Let's not speak against any of them. Let's develop and build on all of them.


----------



## Tripel (Mar 23, 2012)

Choosing from only the two, I much prefer #1 due to its clarity. I was nodding my head in agreement as I read it. As for the second, I had to go back and read it a couple more times to grasp it. But that may just be because I'm simple-minded.


----------



## J. Dean (Mar 23, 2012)

Tripel said:


> Choosing from only the two, I much prefer #1 due to its clarity. I was nodding my head in agreement as I read it. As for the second, I had to go back and read it a couple more times to grasp it. But that may just be because I'm simple-minded.



Agreed. While I think #2 has its place, #1 is more "authentic" (for lack of a better word) and scriptural. Somewhere else on the board I compared it to serving one's spouse out of a heart of love vs. serving one's spouse out of a fear of causing anger or divorce. Both may look the same on the surface, but they're done out of completely different mindsets and motivations.


----------



## Shawn Mathis (Mar 23, 2012)

Jack K said:


> From John Owen's Christologia:
> 
> Motives unto to love of Christ are so great, so many, so diffused through the whole dispensation of God in him unto us, as that they can by no hand be fully expressed…. The studying, the collection of them, or so many of them as we are able, the meditation on them, and improvement of them, is among the principal duties of our whole lives.



I tend to agree with Owen.
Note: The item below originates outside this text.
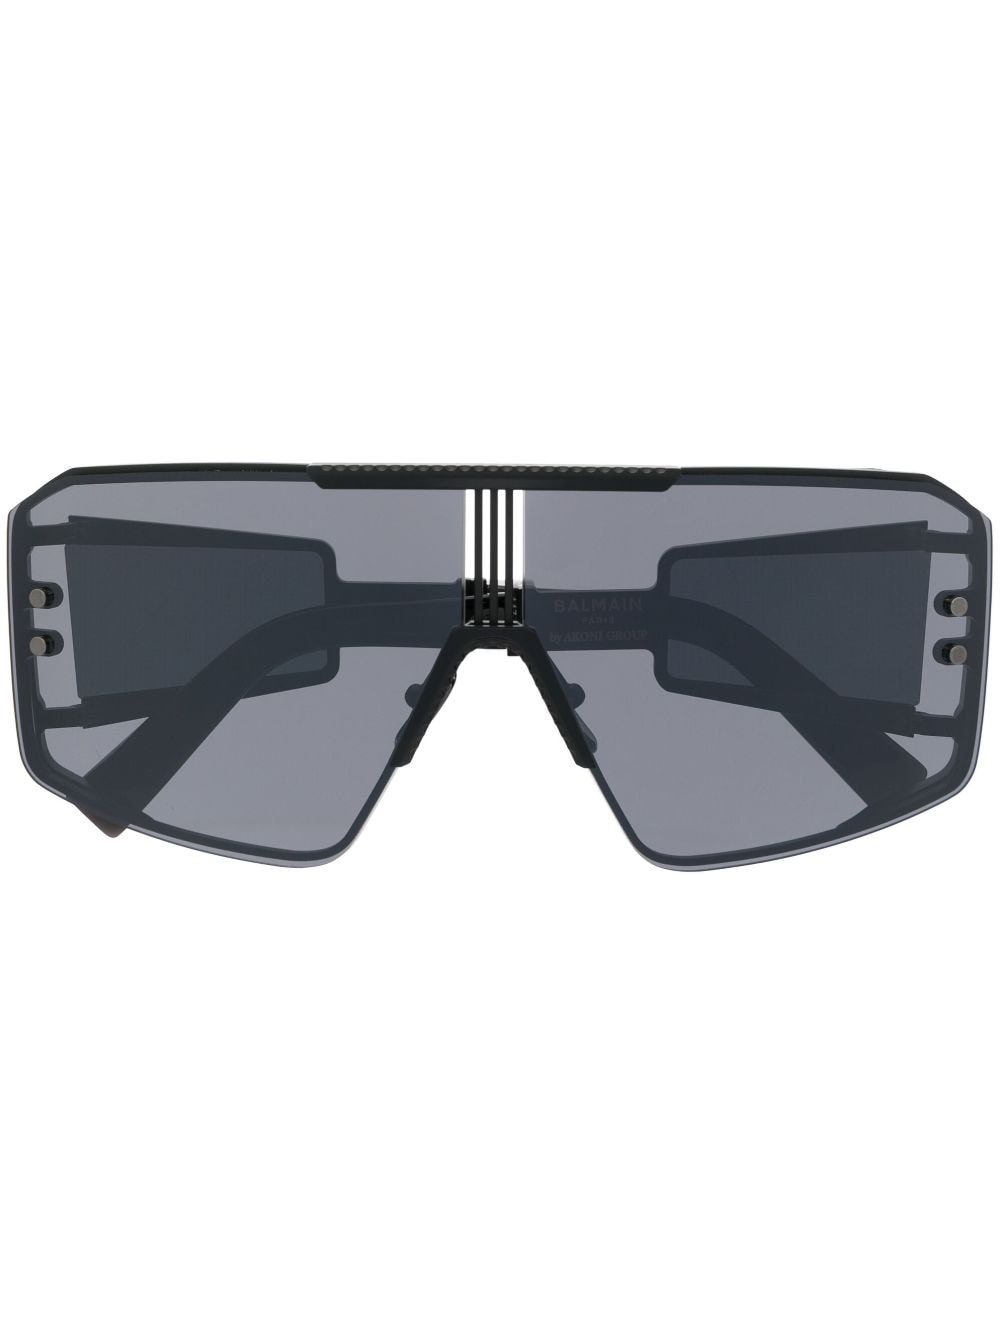 Balmain Eyewear Le Masque tinted round-frame sunglasses - Black von Balmain Eyewear

That being said, quote #1 is more accurate (and never states gratitude the _only _motive just the motive in contrast with guilt). By a similar contrast, guilt is accompanied with fear and perfect love casts out fear.

Quote #2 I find unhelpful because it made a contrast "not...but.." that does not have to be made (cp. Owen). It is also unhelpful because of the unclear language: "The deepest motive for holy living is...the believer's existence as a new creature." Is the motive, "thank you Lord for making me a new creation" (which would not exclude gratitude for forgiveness). Or is the quote asserting that mere existence as a new creature creates a desire for holy living? 

If the latter, then it is asserting a truism: the nature of a Christian is such that he will desire holy living (however inconsistently). If the former, then the Christian is grateful for being a new creation which creation was accompanied by forgiveness of sins. 

my two cents,

PS. How'd you get your son to read at such an early age


----------



## baron (Mar 23, 2012)

I voted for #1 it seems clearer to me. 

But I was tempted to vote for I don't know about the quotes, but you're son sure is beautiful!


----------



## GulfCoast Presbyterian (Mar 23, 2012)

There should be an option to vote for #1 and #3!


----------



## PuritanCovenanter (Mar 23, 2012)

I like this view. 



> *The Gospel is temporary, but the law is eternal and is restored precisely through the Gospel. Freedom from the law consists, then, not in the fact that the Christian has nothing more to do with the law, but lies in the fact that the law demands nothing more from the Christian as a condition of salvation. The law can no longer judge and condemn him. Instead he delights in the law of God according to the inner man and yearns for it day and night.*
> 
> Herman Bavinck


----------



## Andres (Mar 23, 2012)

I would agree with the others that are _many _reasons why we love God and pursue holiness and I would agree that there is an element to both of these quotes that ring true. First, here is how I am reading the quotes (perhaps someone may disagree with my understanding). 

I read quote #1 to say, "The reason a Christian pursues holiness is because they are grateful unto God for the great thing He has done on their behalf - He has justified them!"

I read quote #2 to say, "The reason a Christian pursues holiness is because they are a new creature in Christ and therefore it is now their nature to pursue holiness." 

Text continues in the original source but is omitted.